Comment Post

Time Team investigate sites at Loch Migdale by Andy B on Sunday, 18 January 2004

Some background from an article published in the Northern Times during the filming last April:

Filming continues today (Friday) at Loch Migdale for a future programme of Channel 4’s popular archaeology series “Time Team”.

A 50-strong unit comprising experts, camera crew, sound recorders, presenters, and production staff, descended on the Bonar Bridge area earlier in the week.

The team are concentrating their efforts on three sites of possible archaeological significance dating back about 4000 years to the Bronze Age. The sites are a suspected crannog, or artificial island in Loch Migdale, a nearby henge and a hut circle.

They are hoping to tie it in with the Migdale Hoard, a group of bronze and jet objects found in a cist at Loch Migdale in 1901.
Speaking to The Northern Times on Wednesday, Time Team presenter Tony Robinson, famous for his role as Baldrick the Oaf in Rowan Atkinson’s “Blackadder” TV series, said it was too early to come to any conclusion.

Time Team were invited along by local couple Rob Jones and Cara Flannigan who own Loch Migdale and the surrounding land. The couple have a house overlooking the loch which the Time Team are using. Mr Jones runs Migdale Trout.

Ms Flannigan, a freelance writer of psychology textbooks, said that since moving to Migdale in 1989 she had been keen to know more about the historical significance of various features on the land.

“I wrote to Time Team some three to four years ago suggesting they pay us a visit and never got a response. I had completely forgotten all about it until I got a phone call from them six months ago,” she said.

“It has just been wonderful watching it all unfolding. It is a mammoth enterprise and they have done their research thoroughly. It is a fabulous opportunity to have a look at these sites here. Migdale and Airdens is an extremely rich area for archaeology.”

Time Team researcher Oliver Twinch explained that a crannog was a small artificial island, or an artificially enlarged natural bedrock outcrop. He said a document written in 1630 by Robert Gordon and entitled the Genealogical History of the Earls of Sutherland, indicated that at that time there was a house on an islet in Loch Migdale.
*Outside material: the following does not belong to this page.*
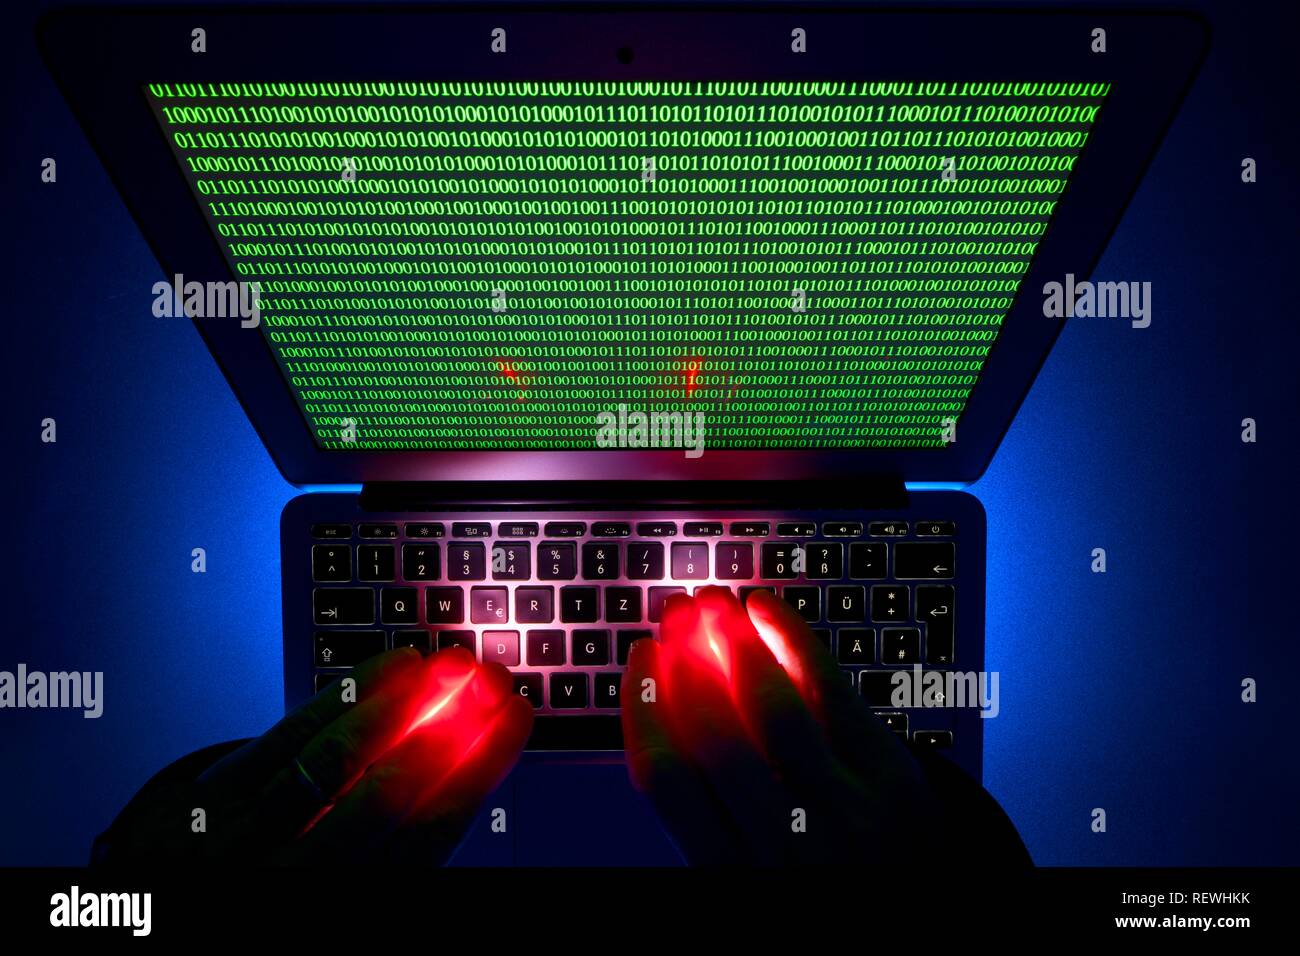 Les mains sur un clavier d'ordinateur, symbole de droit la cybercriminalité, la criminalité informatique, la vie privée, Bade-Wurtemberg, Allemagne Banque D'Images

“In the document Robert Gordon mentions different lochs which had houses on them, one of which was Loch Migdale. There is only one islet on the loch. What we are trying to determine is, is it an artificial island made by people or, in the event it is a natural feature, whether it has been enhanced by people by driving wooden stakes into the bed of the loch to create a wooden platform.”

In charge of the crannog investigation – which involves a diving operation – is Dr Nicholas Dixon who leads the Scottish Trust for Underwater Archaeology. The trading arm of the trust is the Scottish Crannog Centre, a complex at Loch Tay where a full-sized reconstruction of a crannog and display can be visited.

On land near to the islet, Time Team have already uncovered a previous excavation carried out in 1970 by amateur archaeologist Tony Woodham, who on Wednesday was watching the present operation.

Researcher Mr Twinch said Mr Woodham had been trying to discover whether the feature was a hut circle or a henge – a sort of ritualistic monument. He had been unable to find evidence of a hearth in the middle, so assumed it was a henge.

“We are opening his excavation initially to see if his interpretation is correct. We have opened up a quarter of the site and it is visible as a raised ring with a ditch inside.” said Mr Twinch.

Experts are uncertain of the original purpose and function of henge monuments, but because of their arrangement of banks and ditches, it is generally accepted that they are ceremonial or ritual monuments.

Digging has also taken place next to the henge of what was thought could be a burial cist. Excavator Matt Williams said: “We thought it might be a cist burial which are often associated with henges, but it is not looking promising. It turned out to be bigger than we thought and it might possibly be something to do with agriculture.”

The Time Team also intended to look at a hut circle to the right of the henge. Explained Mr Twinch: “We are hoping we will be able to tell the story of the people who lived here at the same time as the Migdale Hoard was deposited.”

Now stored in the National Museum in Edinburgh, the Migdale Hoard has been dated to roughly 2100 BC. It is understood a request from Time Team to borrow it for filming at Loch Migdale was denied.

Today (Friday) is expected to be the last day of filming and Glenmorangie Distillery at Tain are providing drams of whisky for an “end of the day scene” at around 6pm.

It’s the second time in three years that Time Team has visited Sutherland in search of historical remains. In July 2001 an underwater excavation of a site off Loch Laxford, just north of Handa Island, was filmed in the hope of finding a wreck thought to be a galleon from the Spanish Armada. No trace of the ship’s structure was found but divers brought up a treasure trove of rare Spanish and Italian pottery dating back to the 16th century.